Purchaser and Madico agree to the following defined set of Terms and Conditions governing the purchase and sale of any above identified Madico Material. Any term or condition or standard of performance different from or in addition to these Terms and Conditions, whether set forth in Purchaser’s Purchase Order or otherwise proposed by Purchaser, must be agreed to in writing by Madico. Madico hereby expressly objects to and rejects any other terms and conditions, unless agreed to in writing by Madico. This Agreement is the sole and exclusive document covering the terms and condition of sale, superseding any previous understandings between parties.

  1. Payment terms are cash in advance. Credit terms may be granted upon submission of a completed credit application. Both parties recognize the time value of money. As such our selling price offer is based upon expectation of payment within a period of time that will be specified by Madico in writing and will become part of these Terms and Conditions.
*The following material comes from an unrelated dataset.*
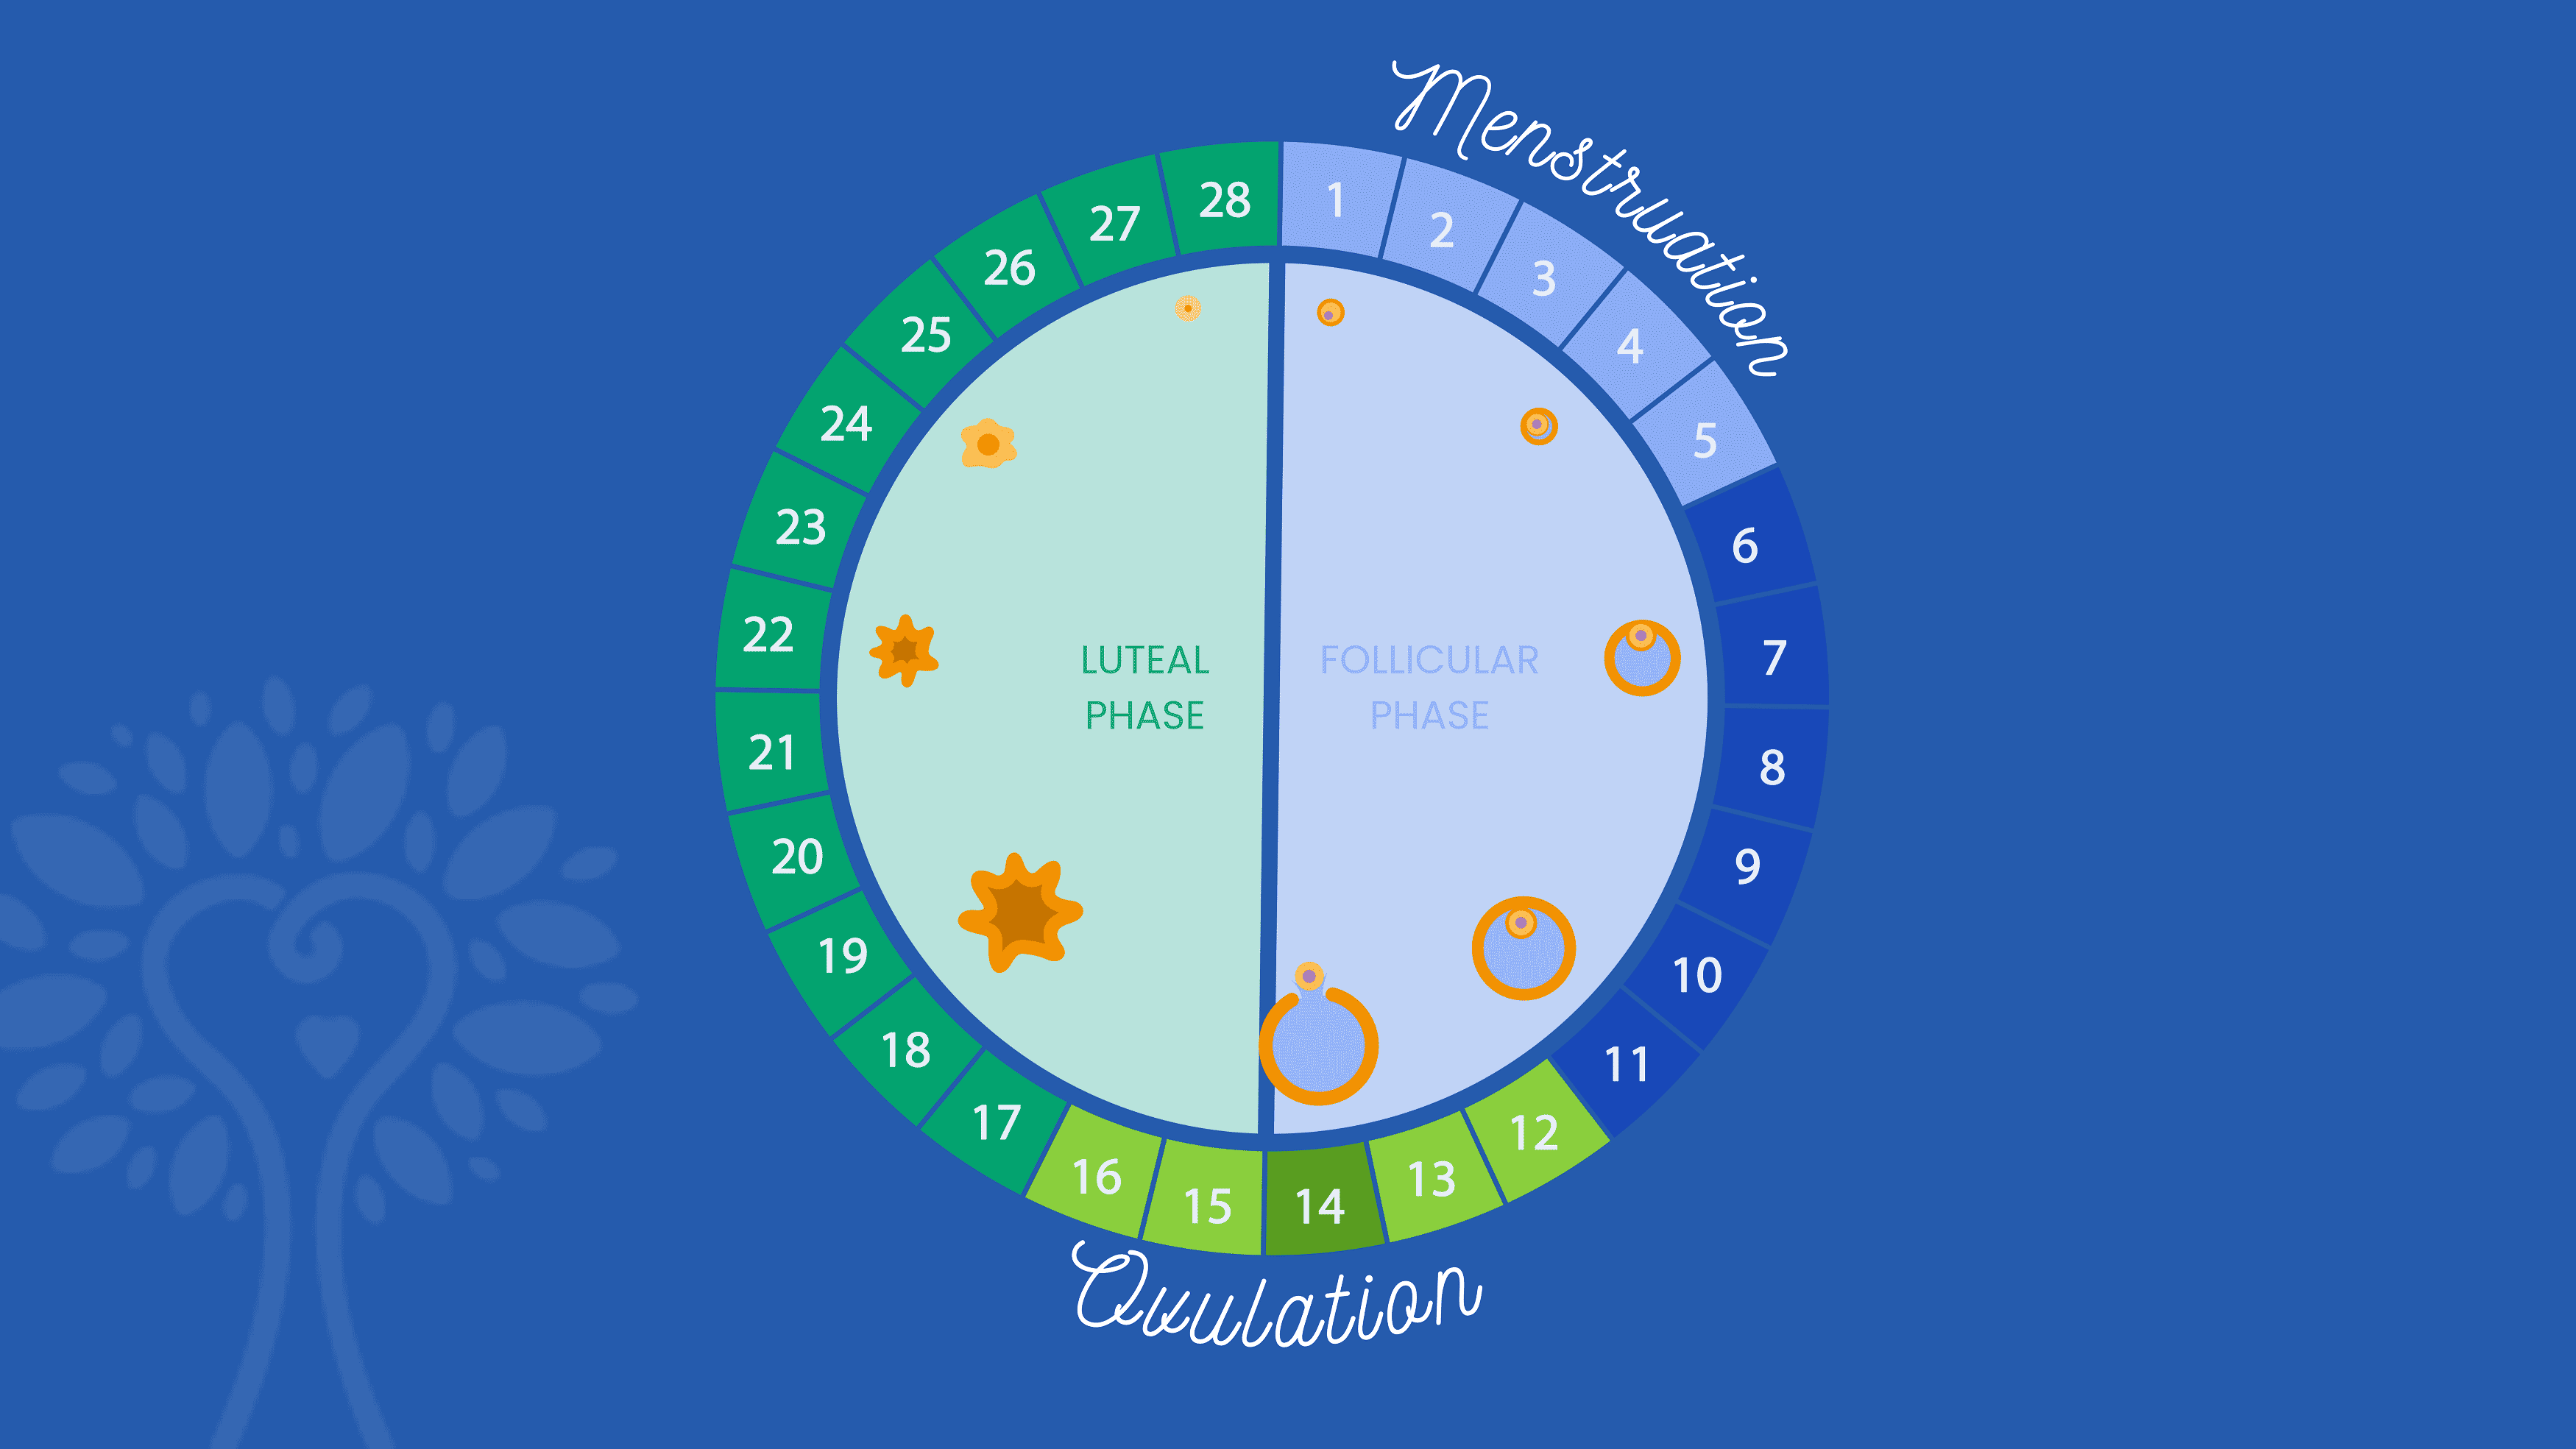 Dark blue background with circular IVF calendar showing the 28 days of a menstrual cycle with the word “Menstruation” spanning days 1 through 5 and the word “Ovulation” spanning days 12 through 16. The numbers are colored different shades of blue and green according to their phase.

If we agree to extend credit, and payment is not made when due, the amount outstanding will accrue interest at the lesser of one and one-half per cent per month, or the highest legal rate permitted by law. Purchaser shall pay any costs incurred by Madico to collect what is due, including its attorney’s fees. The prices quoted above are subject to change with 60 days’ prior written notice, and Purchaser will be invoiced at Madico’s current prices in effect at the time of shipment unless the parties otherwise agree in writing. Madico shall include on its invoices any and all taxes or other charges that are assessed on the sale of the Material, unless a valid tax exemption certificate is delivered by Purchaser to Madico.
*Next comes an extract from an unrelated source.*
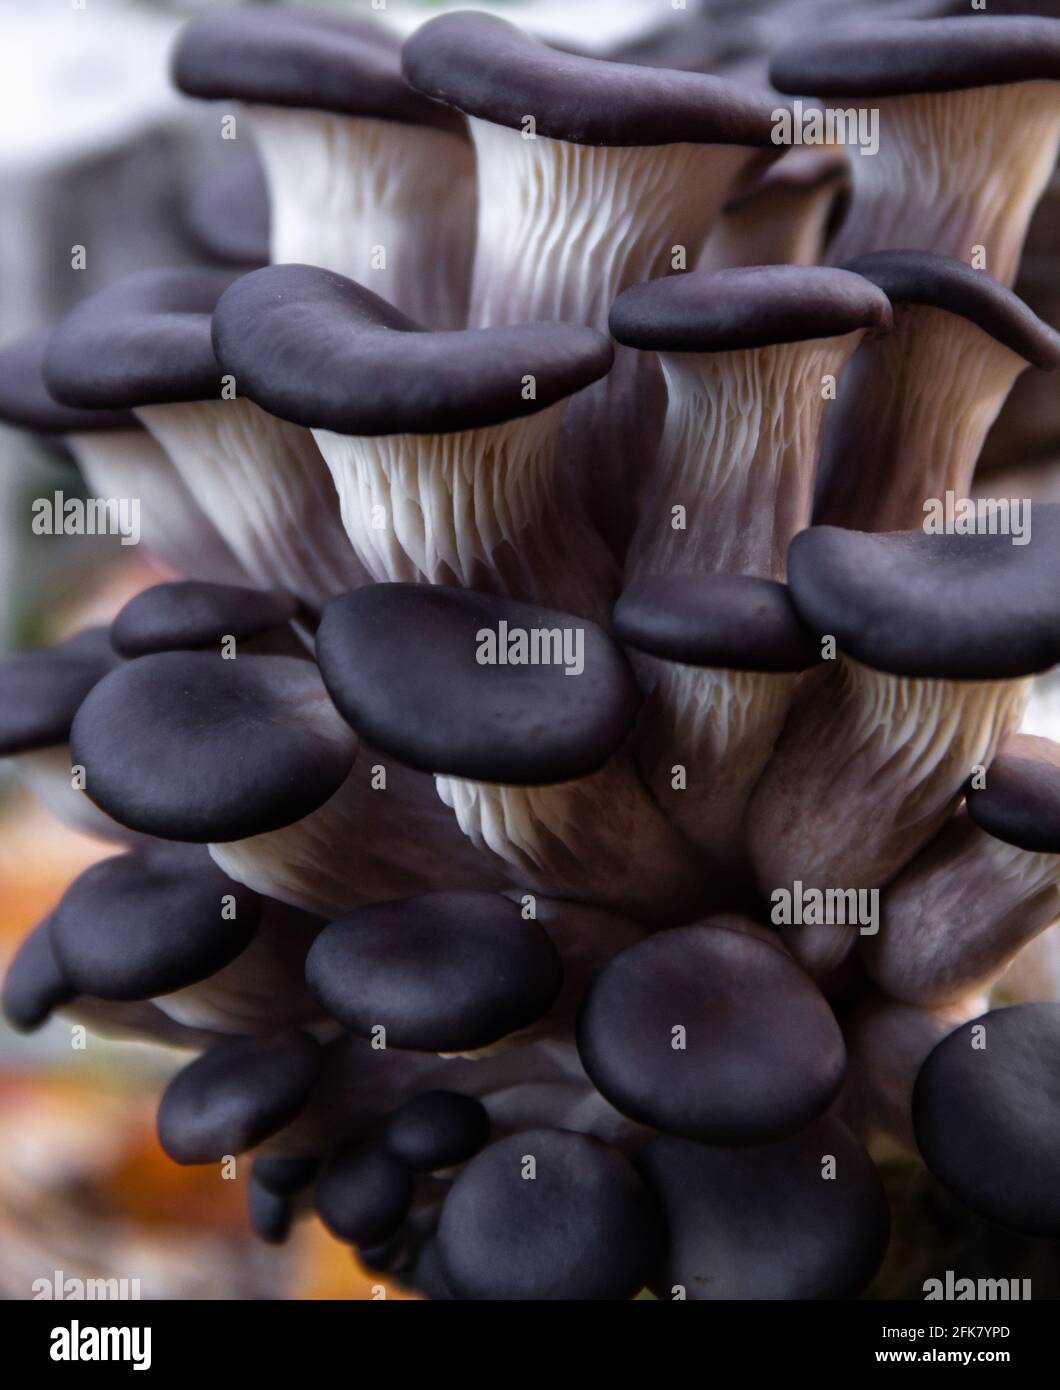 Oyster mushroom cultivation food background Stock Photo

  2. Madico is justifiably proud of its on-time-delivery record. We will use reasonable commercial efforts to make delivery of Material on or about the date specified in Purchaser’s purchase order. However, both parties recognize that our industry is characterized by sudden surges of demand or limited availability of certain raw materials. Thus, Madico shall keep Purchaser informed of any anticipated delays in shipment dates. Unless the parties specifically agree to other transportation terms, deliveries shall be EXW, conveyance loaded, from the Madico facility. Unless otherwise agreed by the parties, Madico has no obligation to obtain insurance for Purchaser covering the Material in transit. Madico does not assume liability to Purchaser for late shipments.
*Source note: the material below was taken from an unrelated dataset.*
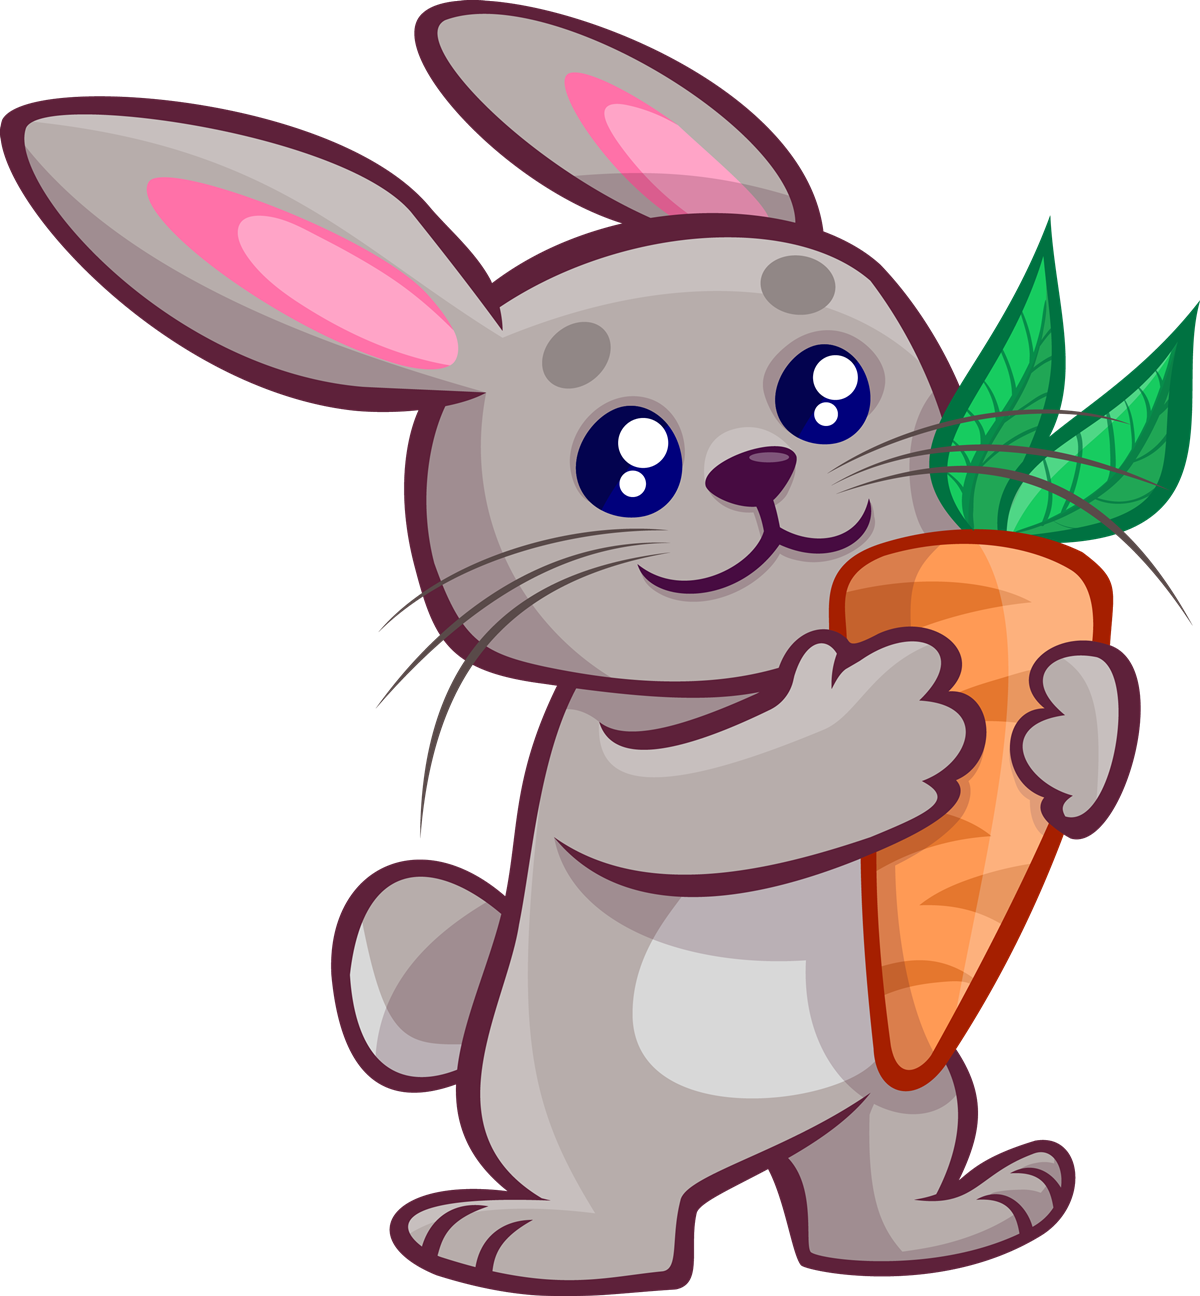 Bunny Cartoon Images | Free download on ClipArtMag

  3. Our pride extends to our Material. Madico warrants only that, for a period of one year from the date of shipment of the Materials, that the Materials shall be new and conform to our published specifications (including any usage conditions and exclusions from coverage set forth therein). THE WARRANTY PROVIDED ABOVE IS THE ONLY WARRANTY PROVIDED BY MADICO AND IS IN PLACE OF AND TO THE EXCLUSION OF ANY OTHER WARRANTY, WHETHER EXPRESS OR IMPLIED, INCLUDING THE IMPLIED WARRANTIES OF MERCHANTABILITY AND FITNESS FOR A PARTICULAR PURPOSE, ALL OF WHICH ARE EXPRESSLY EXCLUDED. In no event shall Seller be responsible for goods manufactured by other parties; such Goods shall carry only the warranty of the manufacturer. Purchaser’s sole and exclusive remedy and the limit of Madico’s liability for Material proven to be other than warranted is, at Madico’s option, (a) replacement of the Material, without charge, transportation paid to Purchaser’s facility; or (b) refund of the purchase price paid, plus commercially reasonable charges in returning the Material to Madico’s facility. Notice of receipt of alleged nonconforming Materials or other alleged Madico breach of these terms and conditions should be provided to Madico as soon as practically possible after they are discovered, but in any event must be provided within the one-year warranty period. A sample of the alleged nonconforming Material must accompany the notice. Any suit alleging nonconforming Material or other claim against Madico must be brought within two years of shipment. THE FOREGOING IS THE ENTIRE OBLIGATION OF MADICO. IN NO EVENT SHALL MADICO BE LIABLE FOR ANY LOSS OF PROFITS, CONSEQUENTIAL, SPECIAL, INCIDENTAL, INDIRECT OR PUNITIVE DAMAGES TO ANY PERSON, REGARDLESS OF WHETHER THE REPLACEMENT OR REFUND REMEDY SET FORTH ABOVE FAILS OF ITS ESSENTIAL PURPOSE OR FOR ANY OTHER REASON WHATSOEVER.
  4. In the event that Madico, in its sole discretion, agrees to take back previously delivered Material, it will do so only upon Purchaser paying in advance a restocking fee equal to 15% of the purchase price.
  5. Although a dispute between parties is unlikely, both parties agree to be governed by the laws of the State of Florida. The state courts of the State of Florida shall be the sole and exclusive jurisdiction and venue over any disagreements and each party hereby submits to same.